- When PERK inhibitors turn out to be new potent RIPK1 inhibitors: critical issues on the specificity and use of GSK2606414 and GSK2656157.
When PERK inhibitors turn out to be new potent RIPK1 inhibitors: critical issues on the specificity and use of GSK2606414 and GSK2656157.
Accumulation of unfolded proteins in the endoplasmic reticulum (ER) causes a state of cellular stress known as ER stress. The cells respond to ER stress by activating the unfolded protein response (UPR), a signaling network emerging from the ER-anchored receptors IRE1α, PERK and ATF6. The UPR aims at restoring ER protein-folding homeostasis, but turns into a toxic signal when the stress is too severe or prolonged. Recent studies have demonstrated links between the UPR and inflammation. Consequently, small molecule inhibitors of IRE1α and PERK have become attractive tools for the potential therapeutic manipulation of the UPR in inflammatory conditions. TNF is a master pro-inflammatory cytokine that drives inflammation either directly by promoting gene activation, or indirectly by inducing RIPK1 kinase-dependent cell death, in the form of apoptosis or necroptosis. To evaluate the potential contribution of the UPR to TNF-induced cell death, we tested the effects of two commonly used PERK inhibitors, GSK2606414 and GSK2656157. Surprisingly, we observed that both compounds completely repressed TNF-mediated RIPK1 kinase-dependent death, but found that this effect was independent of PERK inactivation. Indeed, these two compounds turned out to be direct RIPK1 inhibitors, with comparable potency to the recently developed RIPK1 inhibitor GSK'963 (about 100 times more potent than NEC-1s).

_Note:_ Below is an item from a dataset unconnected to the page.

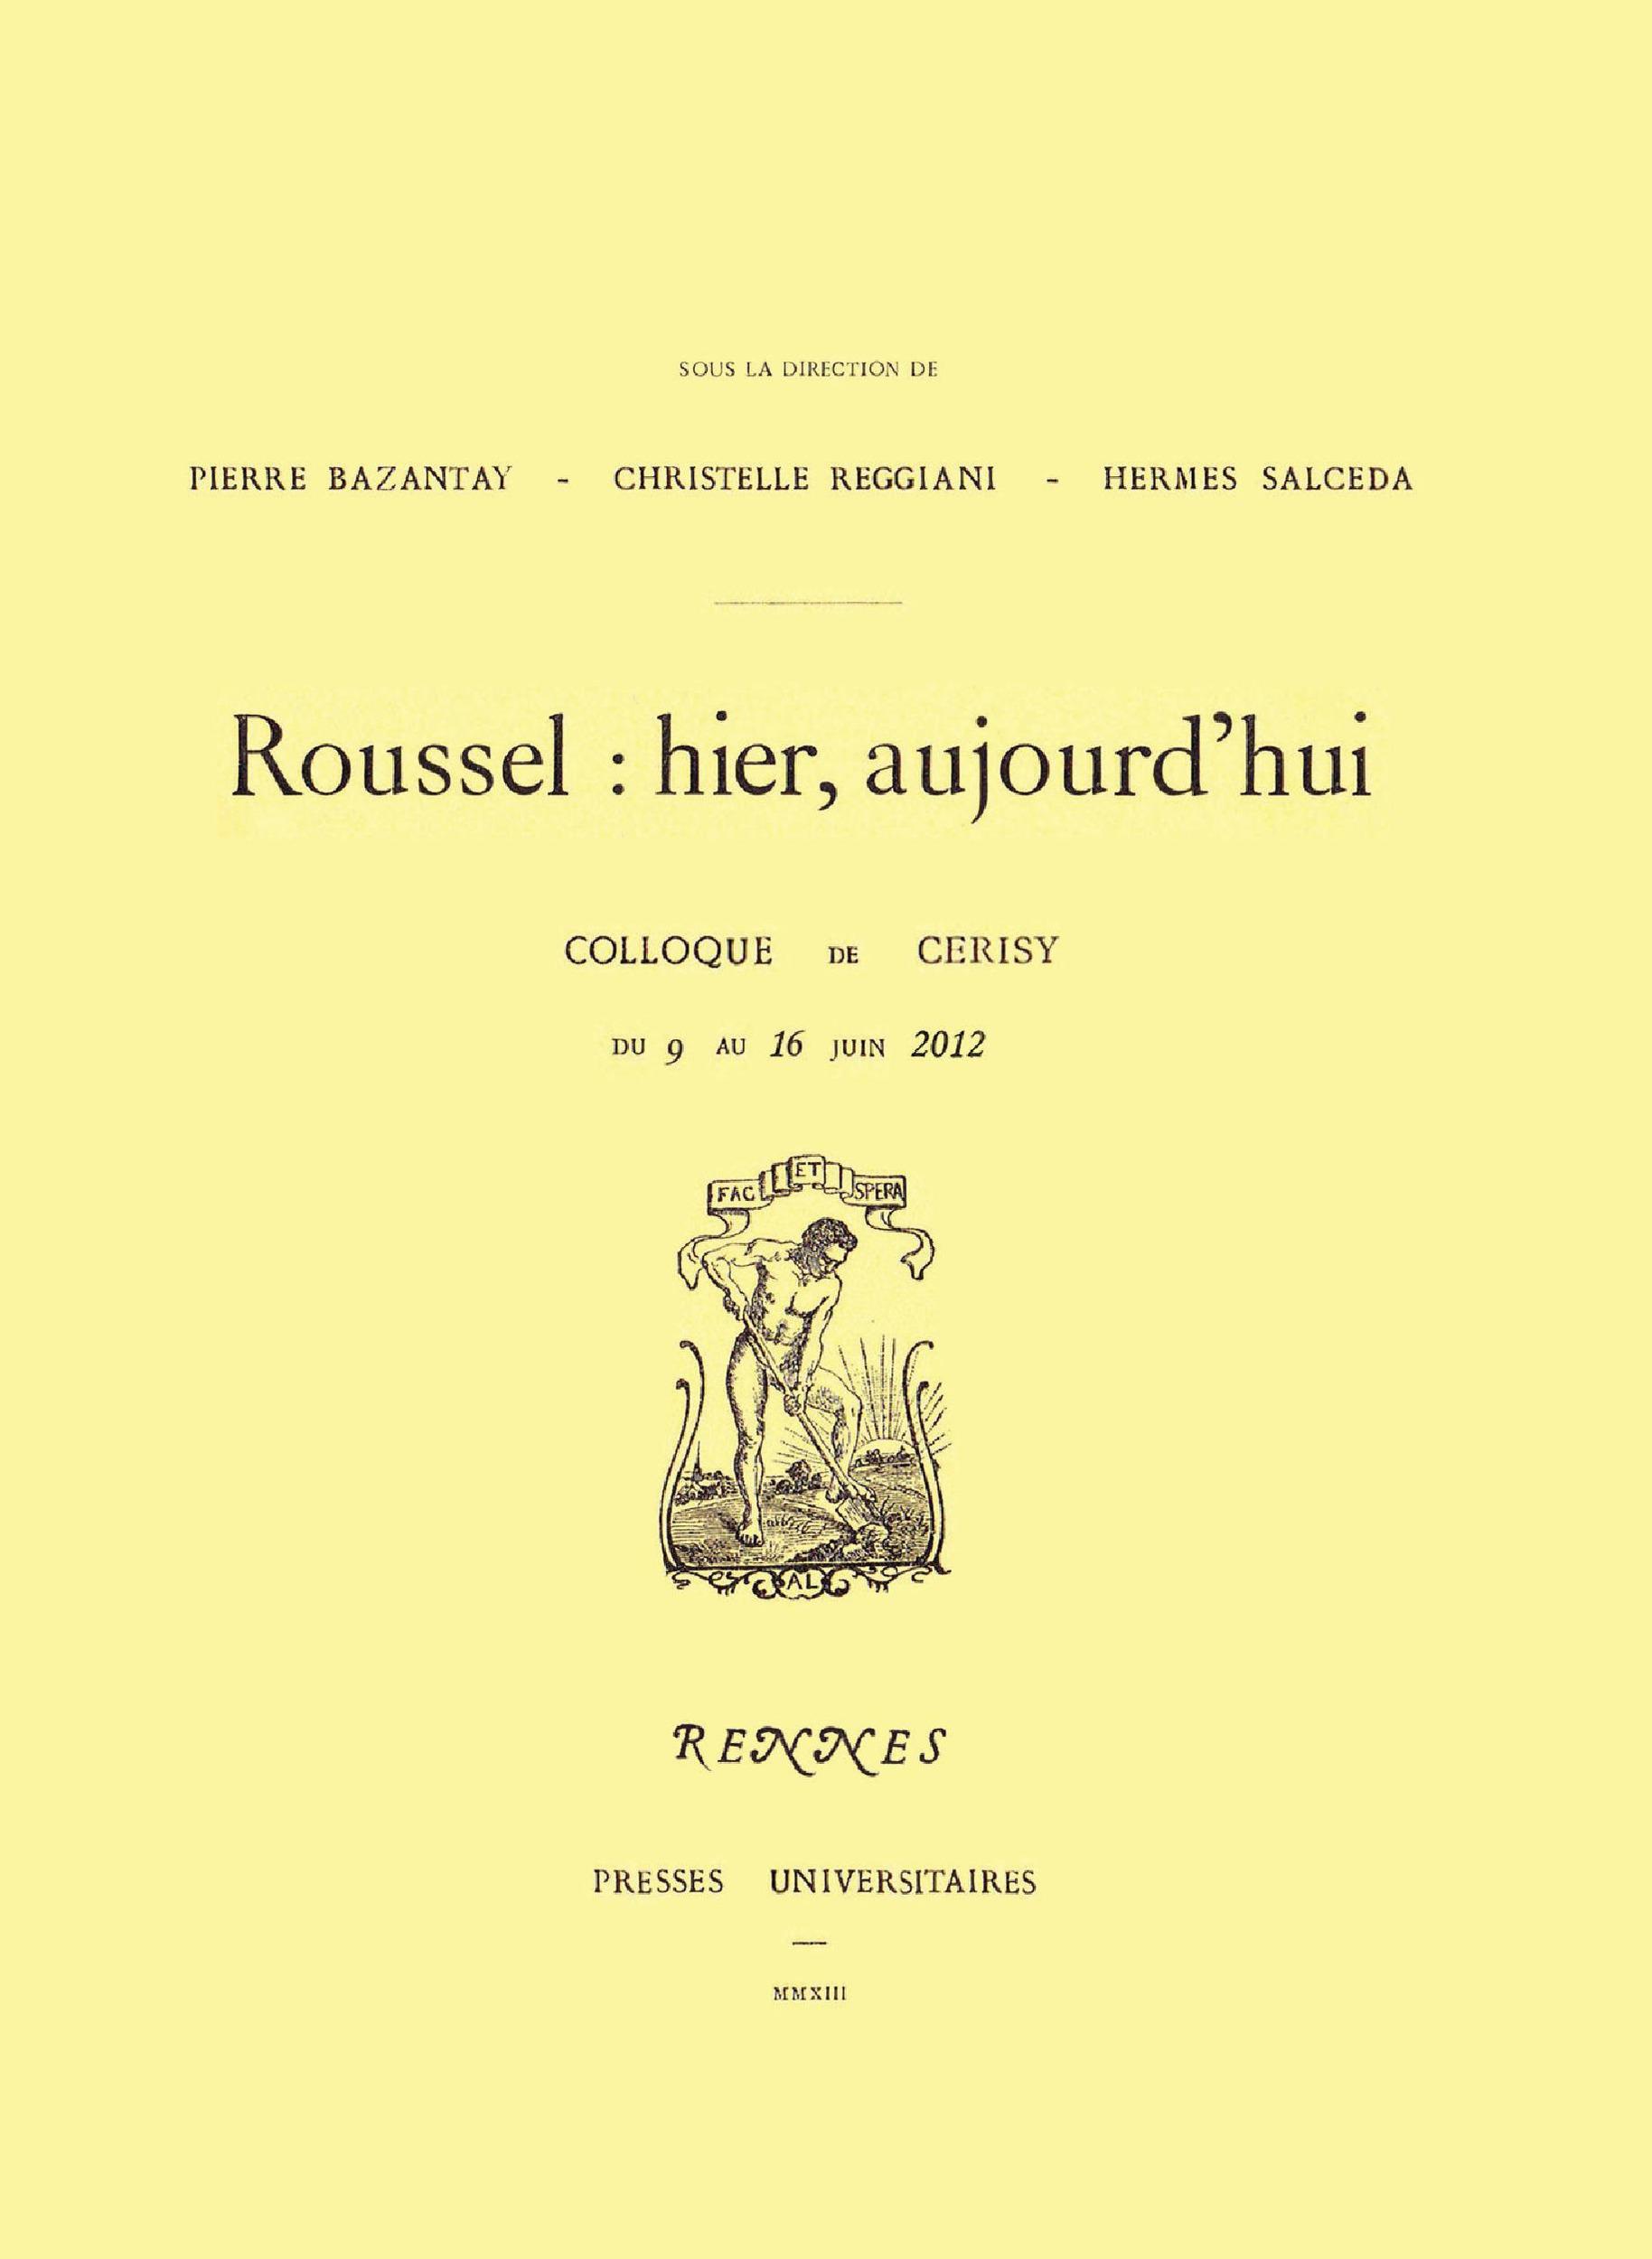 Roussel : hier, aujourd´hui  - Pierre Bazantay  - Christelle Reggiani  - Hermes Salceda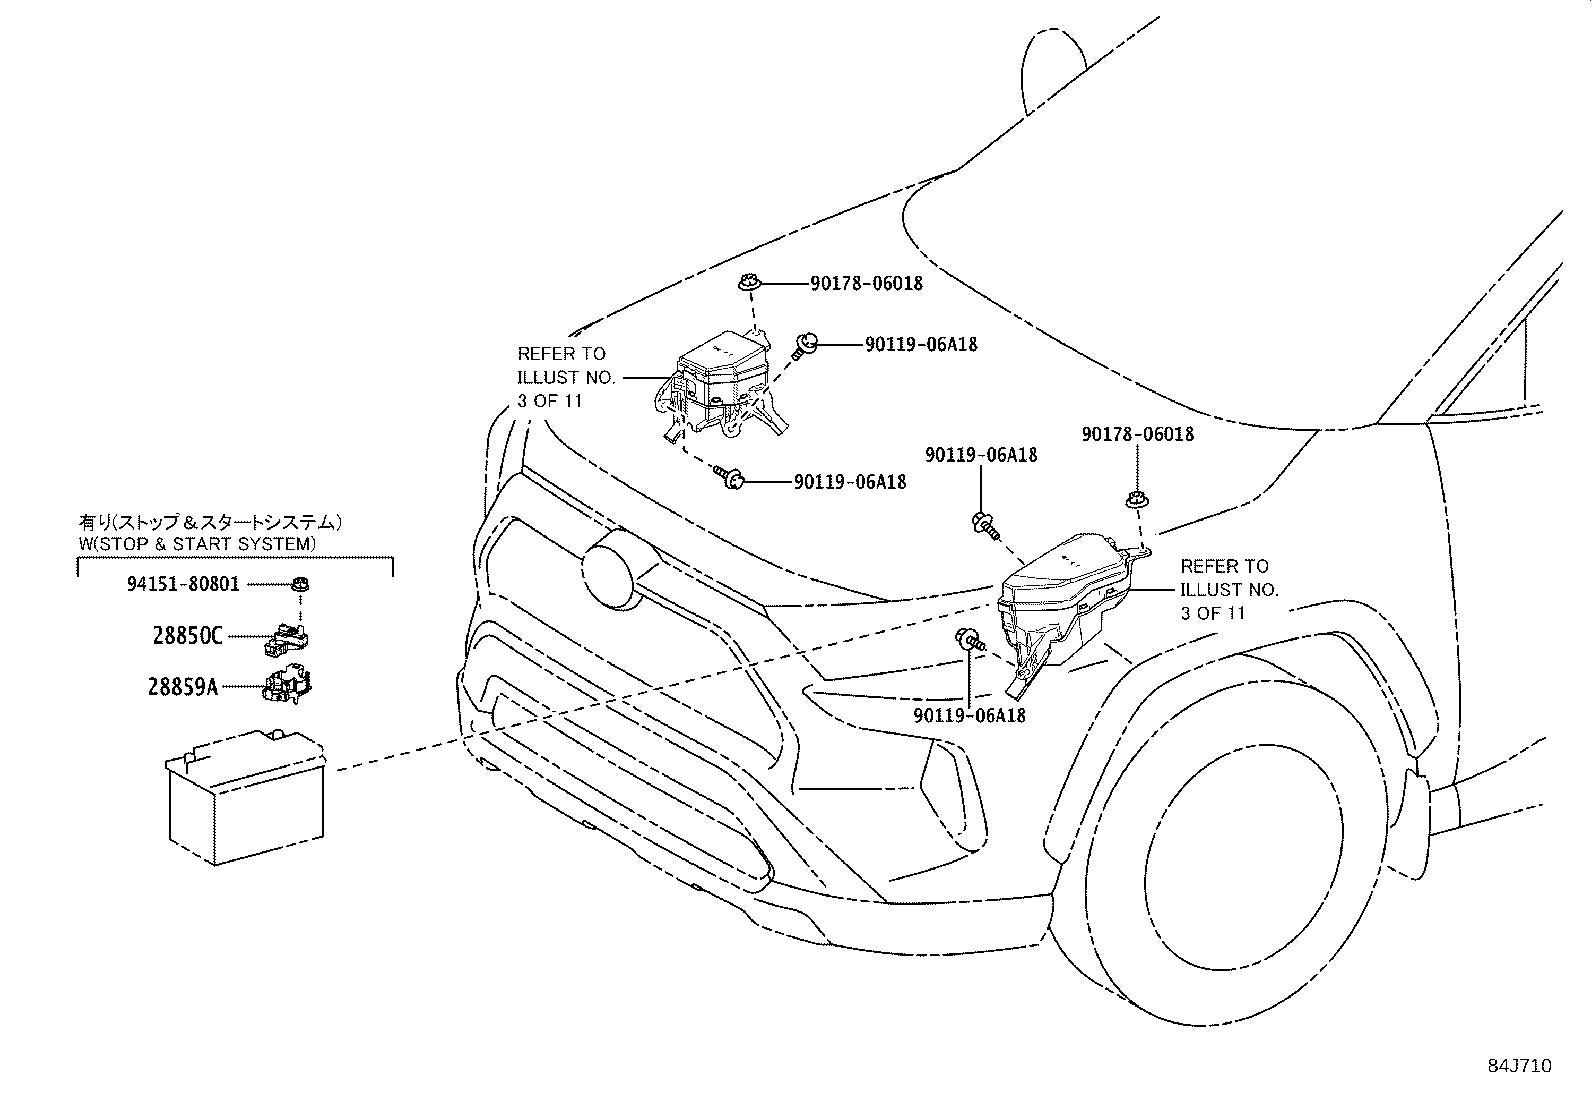 Toyota Rav4 Gage Assembly Fuel Sender No 2 Engine

Importantly, these compounds completely inhibited TNF-mediated RIPK1-dependent cell death at a concentration that did not affect PERK activity in cells. In vivo, GSK2656157 administration protected mice from lethal doses of TNF independently of PERK inhibition and as efficiently as GSK'963. Together, our results not only report on new and very potent RIPK1 inhibitors but also highlight the risk of misinterpretation when using these two PERK inhibitors in the context of ER stress, cell death and inflammation.